== TASK TO COMPLETE ==
Print, exactly as they stand, the lines below from the one that has "Wild Dolphins in" to the one that has "Magazoo Gecko à", inclusive, leaving out the pictures.

== EXTRACTED DATA ==
━━━━━━━━━━━━━━━━

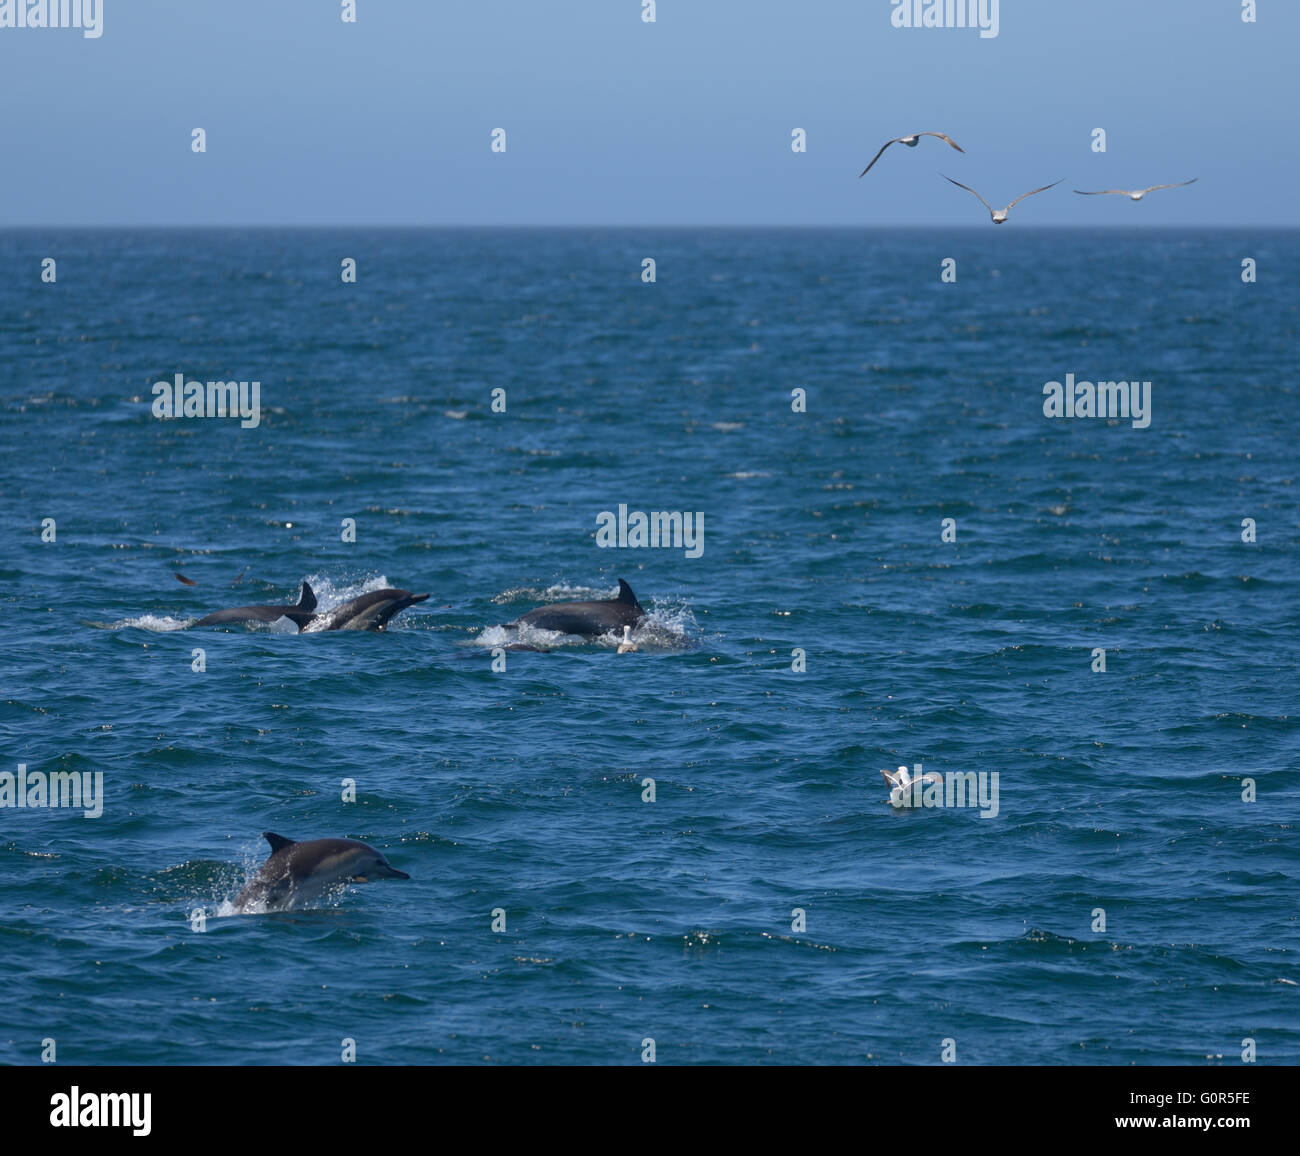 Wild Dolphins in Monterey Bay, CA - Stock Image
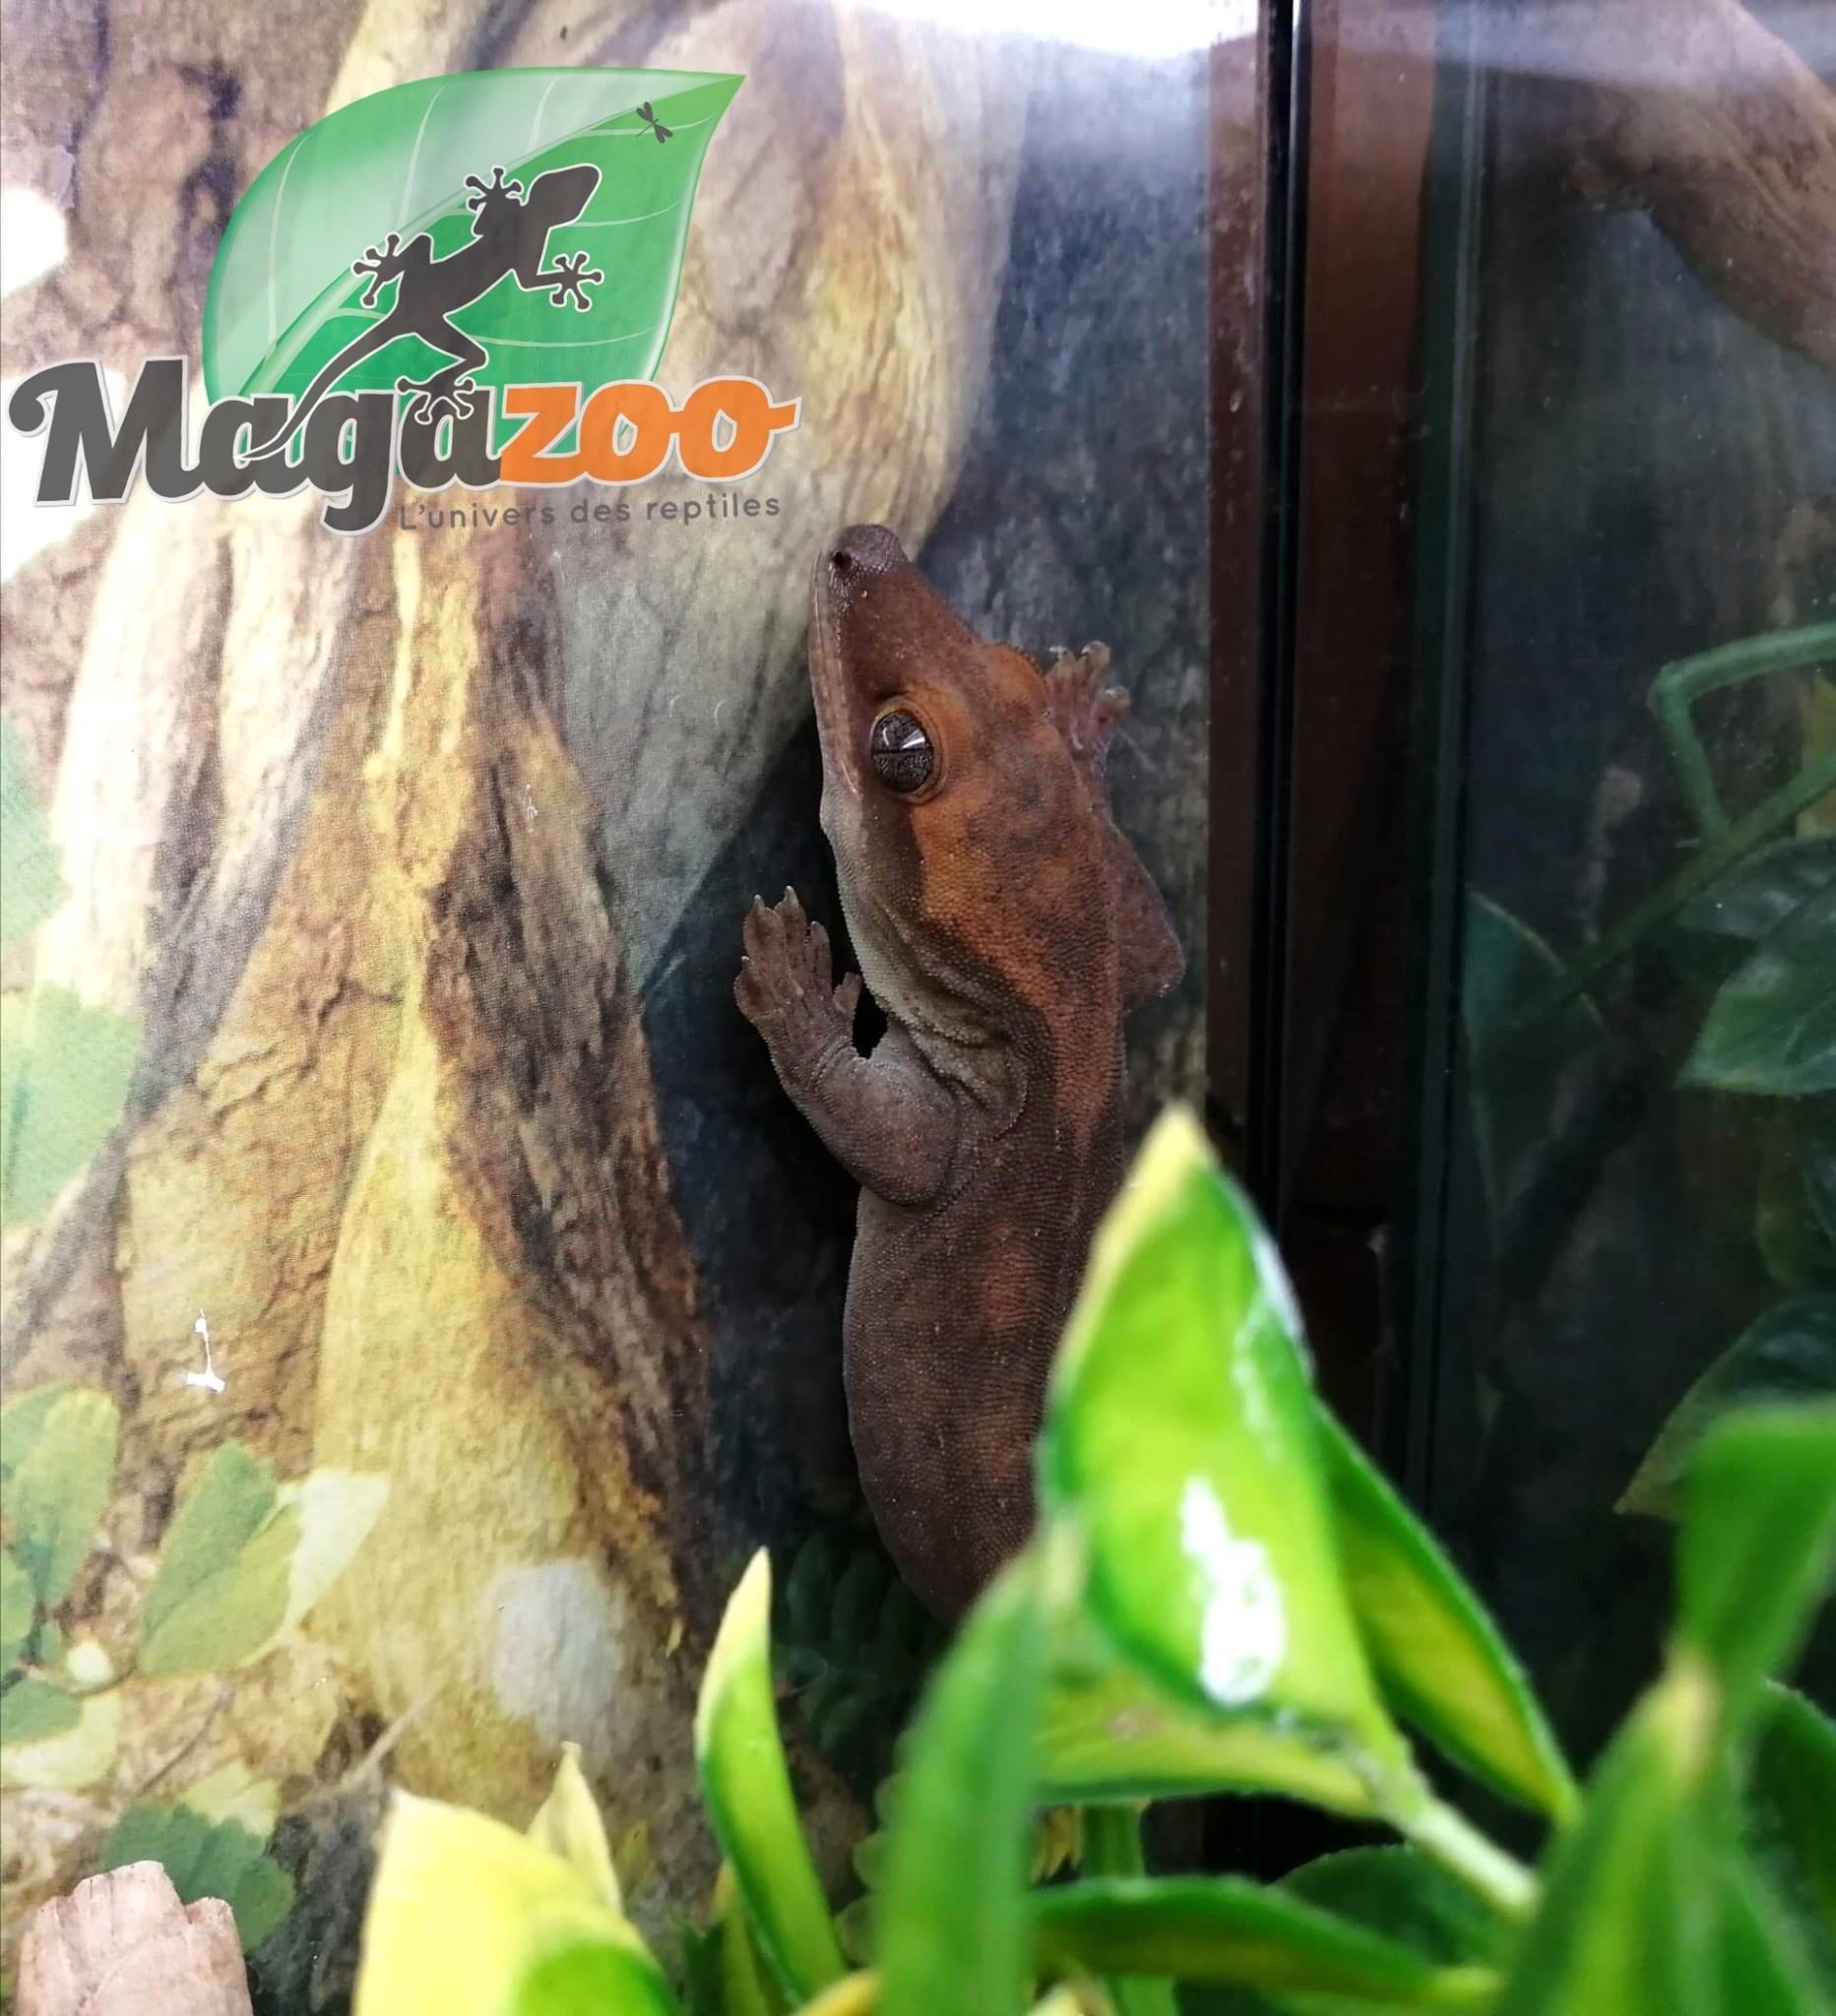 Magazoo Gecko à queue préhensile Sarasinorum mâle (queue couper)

━━━━━━━━━━━━━━━━

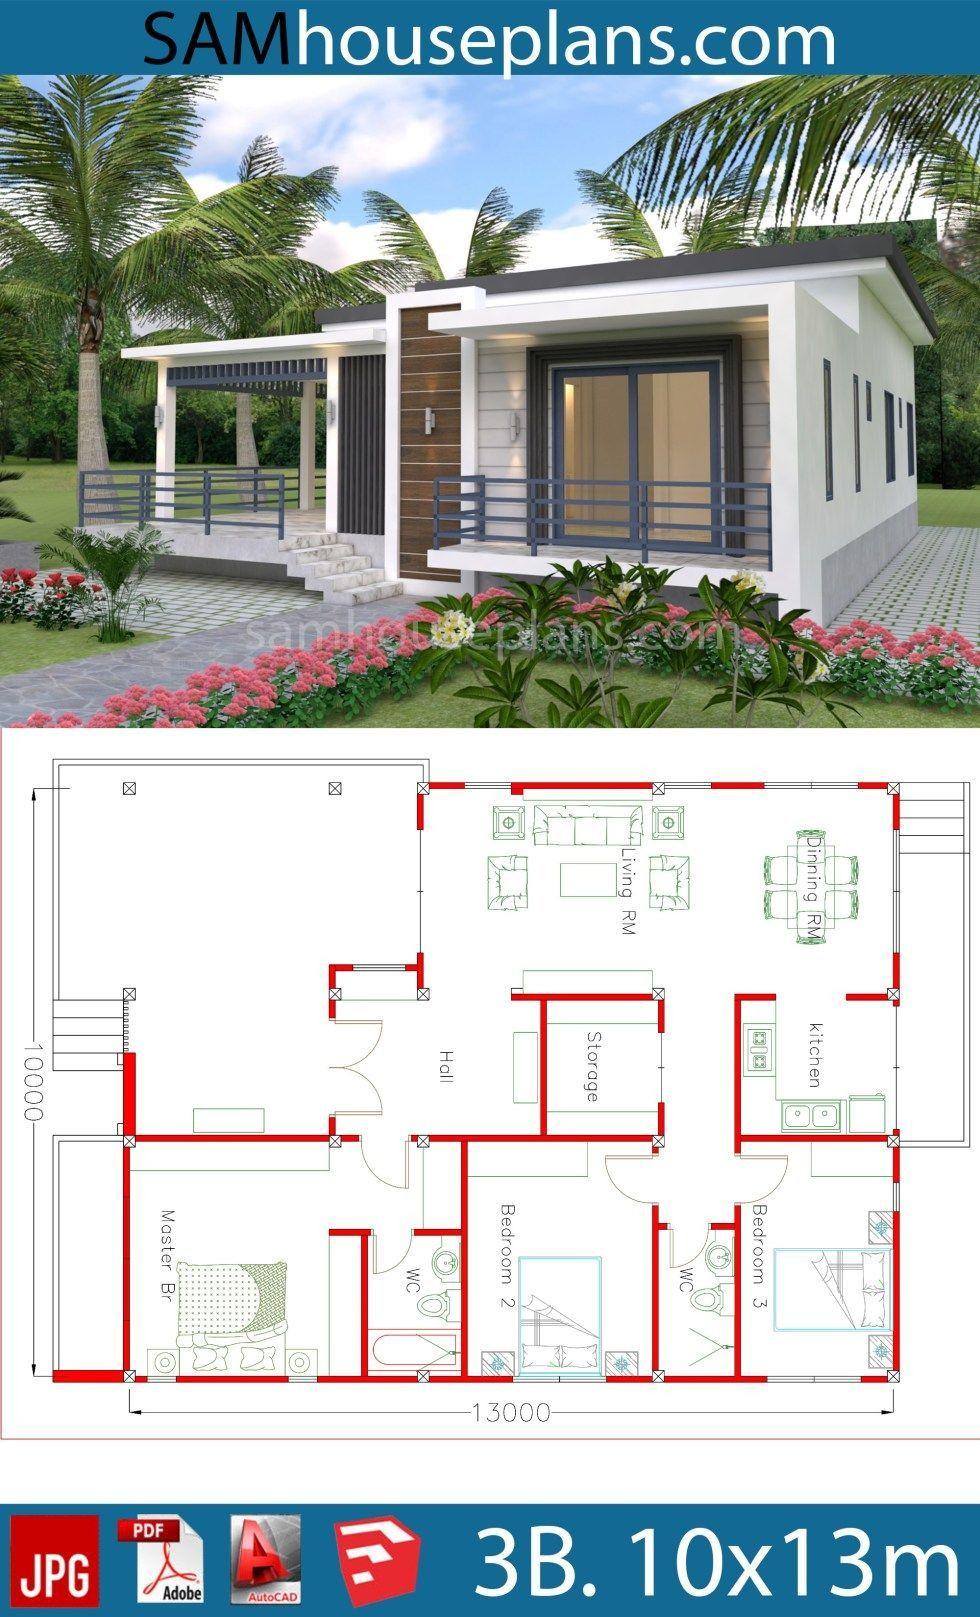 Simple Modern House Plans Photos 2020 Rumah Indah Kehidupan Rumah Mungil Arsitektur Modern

━━━━━━━━━━━━━━━━

== EXERCISE RESPONSE ==
 Wild Dolphins in Monterey Bay, CA - Stock Image
 Magazoo Gecko à queue préhensile Sarasinorum mâle (queue couper)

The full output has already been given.